Fr Monk's later postings

After Apollo Bay, Monk was listed back at the Linton parish again in the mid-1960s but, by 1967, the Ballarat diocese removed him and sent him "on leave" for the next four years. It is not clear where he spent this "leave".

In 1973, after Bishop Ronald Mulkearns had taken over the Ballarat diocese from Bishop O'Collins, Monk was again given a listing in the annual Australian Catholic Directory — as a chaplain at St Vincent's hospital, Melbourne. He continued this chaplaincy for several years until his name disappeared from the annual Directory.

Other offenders

In Father Monk's various parishes, he was not the only sexual abuser. A number of sexually-abusive priests flourished during Bishop O'Collins's reign — but they were not publicly exposed until their victims began contacting the newly-established Broken Rites group in 1993 onwards.

One of Monk's successors at Camperdown was Father Gerald Ridsdale, who has pleaded guilty to committing child-sex crimes in the Camperdown parish in 1961 and later at another of Monk's parishes, Apollo Bay. Broken Rites has received complaints about Father (later Monsignor) John Day abusing boys at Horsham in 1950-1 (before Monk was there) and at Apollo Bay in 1954-6. And various paedophiles such as Father Desmond Gannon of Melbourne used to visit the Apollo Bay parish house on holidays.

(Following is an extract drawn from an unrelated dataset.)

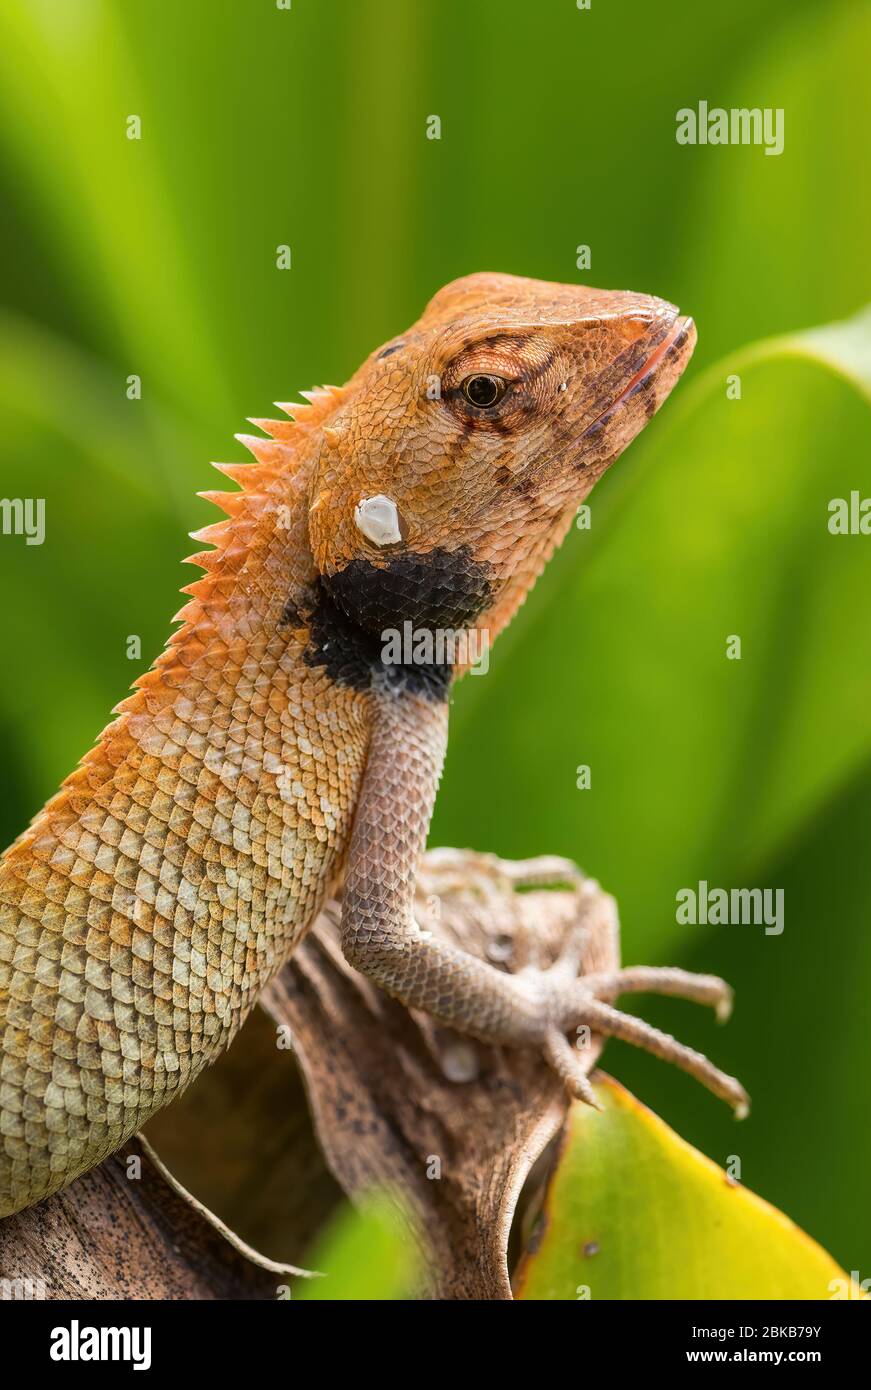 Oriental Garden Lizard - Calotes versicolor, lézard coloré et changeante provenant de forêts et buissons asiatiques, île de Pangkor, Malaisie. Banque D'Images

Another example of a sexually-abusive priest in western Victoria during Bishop O’Collins’s administration was Father Sydney Morey. One of Sid Morey's parishes was Horsham, which had at least four sexually-abusive priests — John Day about 1950, Len Monk about 1959, Sid Morey about 1967 and Gerald Ridsdale in 1986-8.

It was Bishop O'Collins who promoted Father John Day as a monsignor in the Mildura parish in the 1950s.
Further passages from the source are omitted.